ECE2018 Poster Presentations: Diabetes, Obesity and Metabolism Diabetes (to include epidemiology, pathophysiology) (73 abstracts)
Epablican Scientific Center for Radiation Medicine and Human Ecology, Gomel, Belarus.
The results of a survey of 209 patients with Diabetes mellitus type 2 (DM 2) and 94 patients with X-syndrome were analyzed. Non-alcoholic fatty liver disease (NAFLD) is verified in 91.9% of cases with DM 2 and 83.0% with X-syndrome.
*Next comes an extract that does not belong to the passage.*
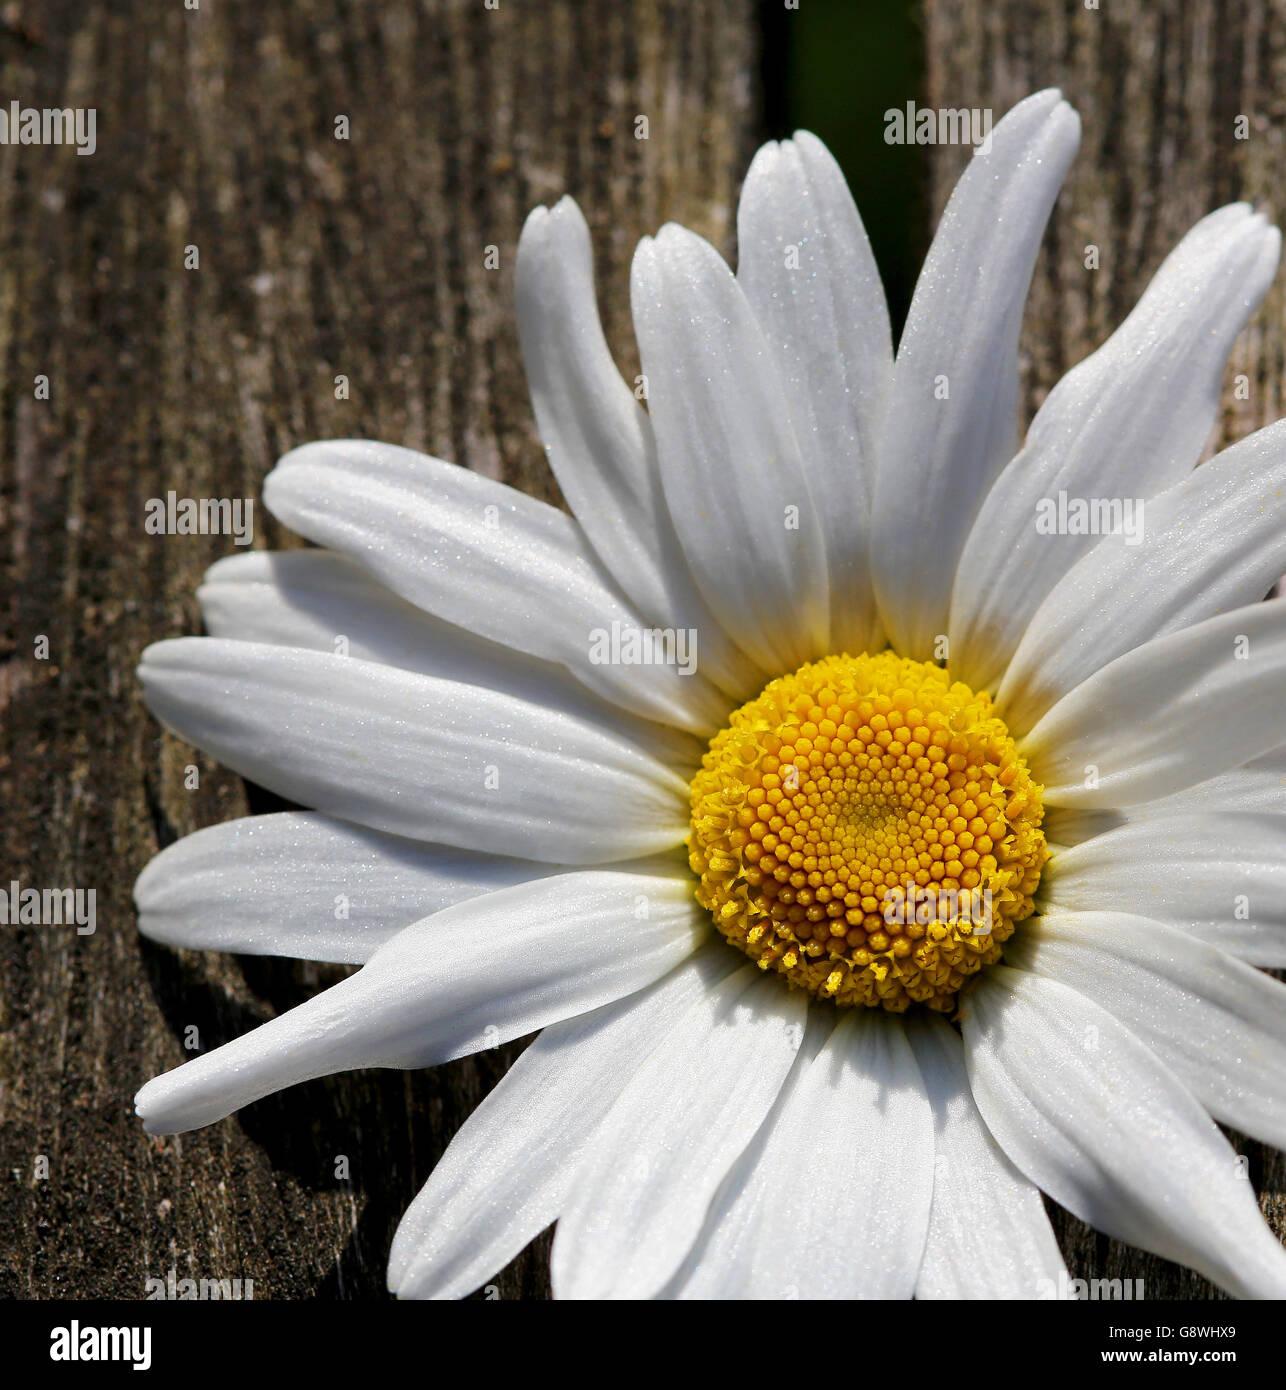 Large White Daisy Flowers Stock Photos Large White Daisy Flowers
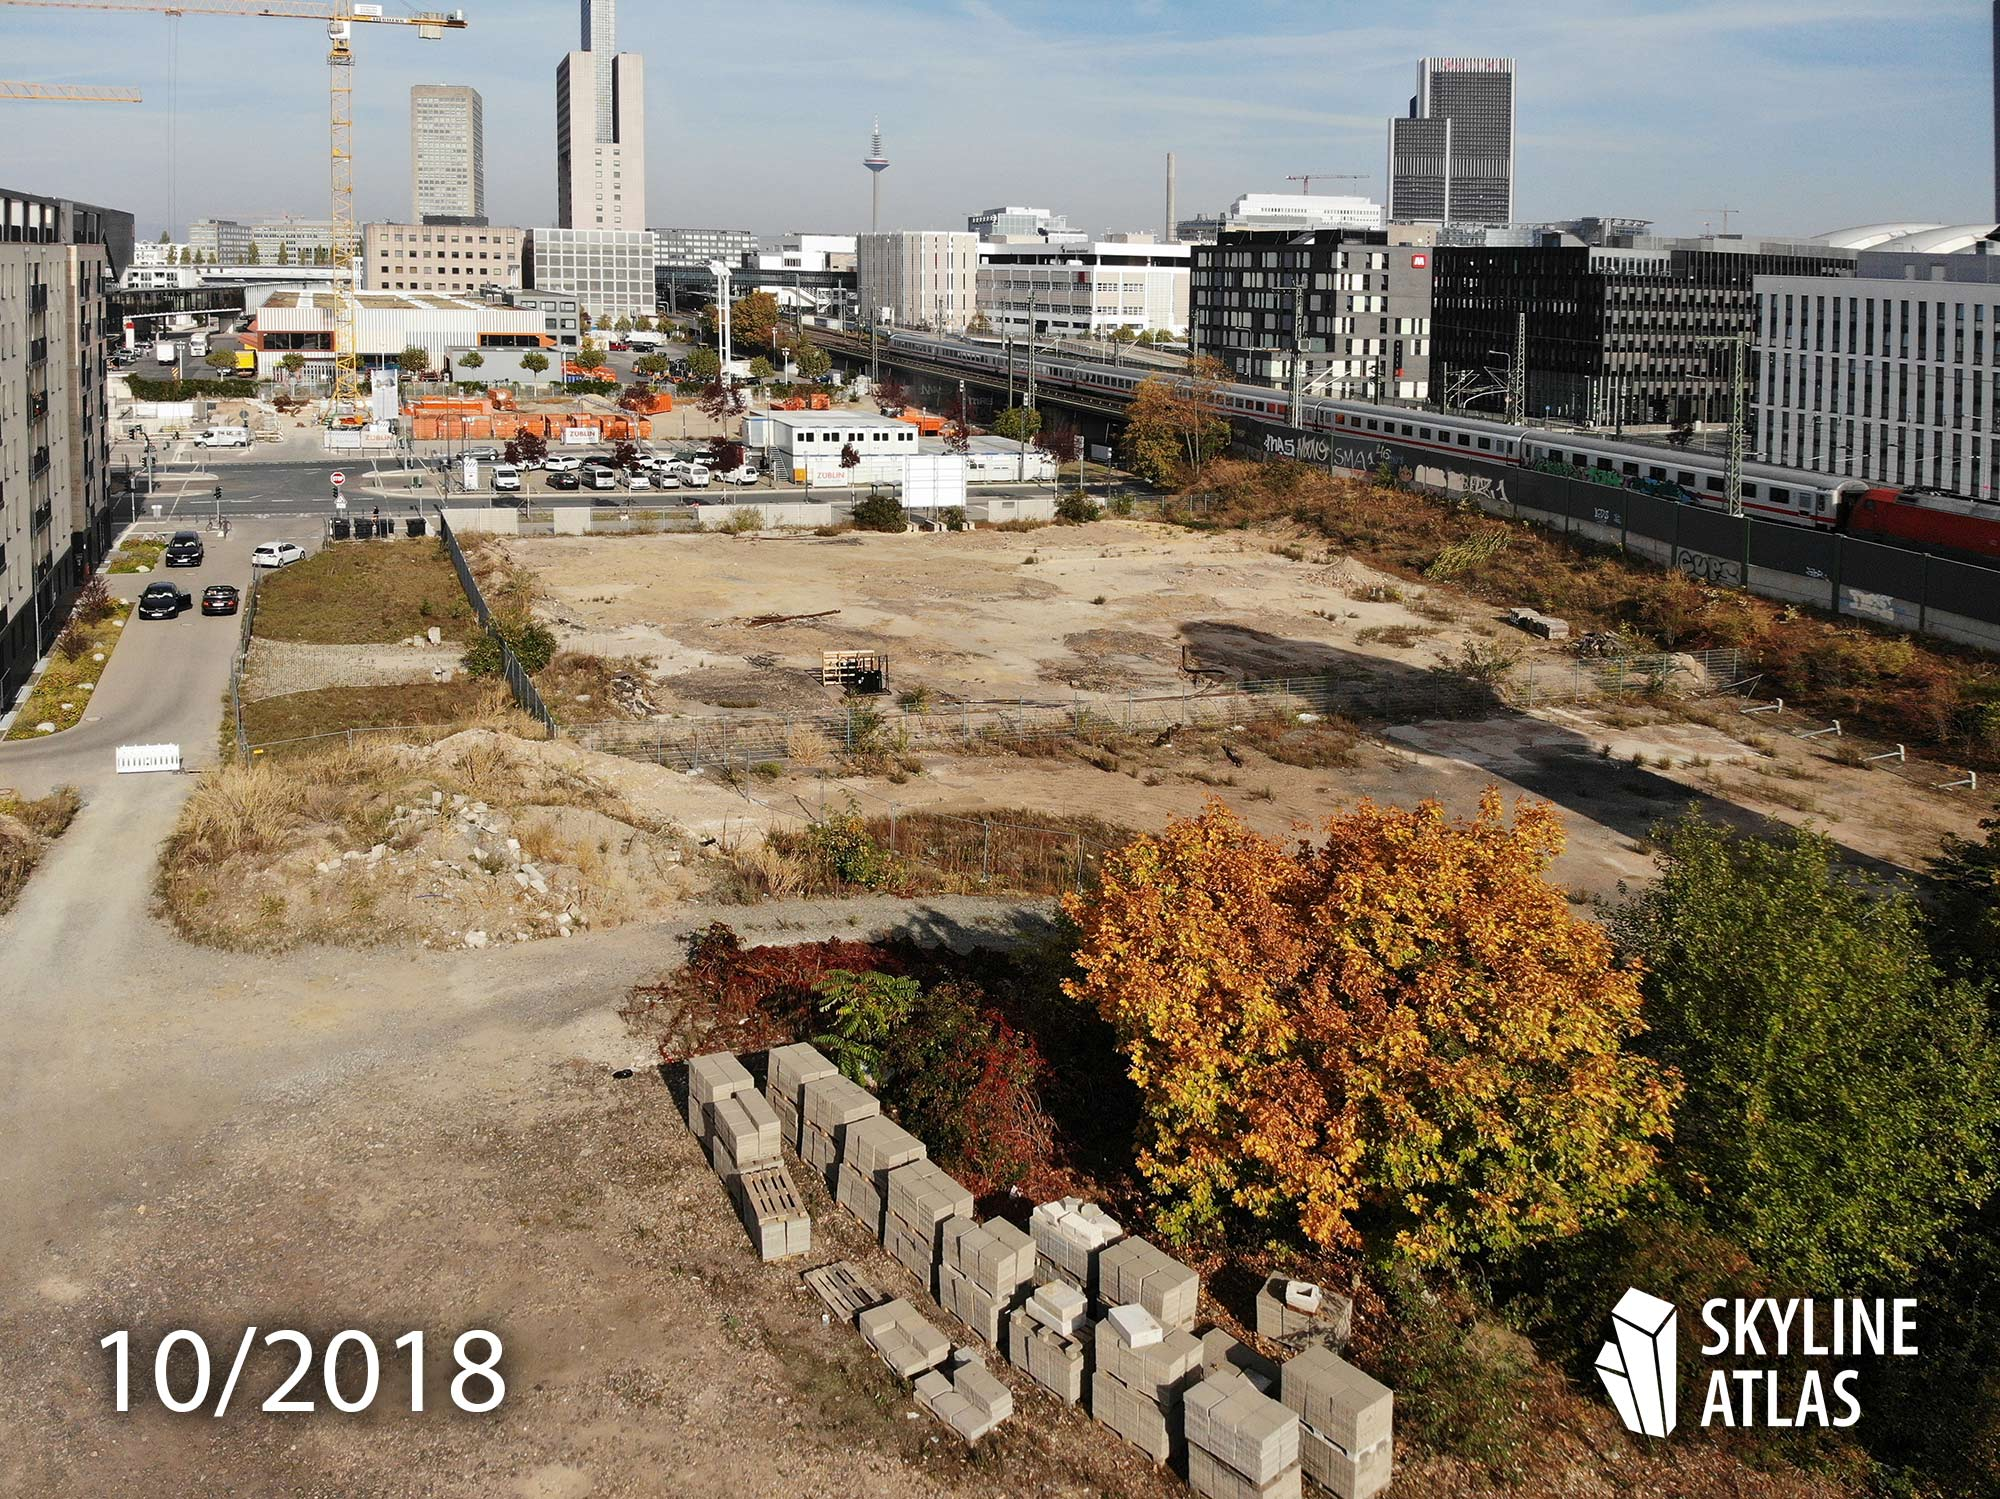 Porsche Design Tower - Frankfurt, Germany - Condominium Tower - Construction Site 2018

Predictors that significantly influenced the development of NAFLD in X-syndrome have been identified: age (b=0.07; Exp (b)=1.07(1.02÷1.14); P<0.02); body mass index (b=0.37, Exp(b)=1.45 (1.16÷1.81), P<0.001), total cholesterol (b=0.52, Exp (b) =1.68 (1.03 ÷ 21.75), P<0.04), triglycerides (b=1.34; Exp (b)=3.81 (1.32÷11.02);P <0.02) and very low density lipoproteins b=2.60; Exp (b)=13.14 (1.31÷137.18), P<0.03). In patients with X-syndrome over the age of 30, the relative risk of developing RR (NAFLD)=4.00 and was statistically significant (95%CI=1.27÷12.60). In patients with X-syndrome and BMI above 28.08 kg/m2, the OR of the development of NAFLD 9.54 (2.54÷35.75), with total cholesterol above 5.3 mmol/l OR 4.08 (1.28÷13.05) The level of triglycerides is higher than 1.03 mmol/l OR 11.37 (1.27÷12.60). If the VLDL level is above 0.47 mmol/l OR 10.14 (1.27÷12.60). In the presence of diabetes 2, there were no significant critical values of laboratory and clinical predictors of the development of NAFLD. Therefore, patients at the time of manifestation of diabetes 2 already have severe metabolic disorders, such as NAFLD. The data cited indicate that the presence of NAFLD in the background of X-syndrome should be regarded as din from the predictors of development of diabetes 2, and the critical points of clinical and laboratory indicators, perhaps significantly below the generally accepted.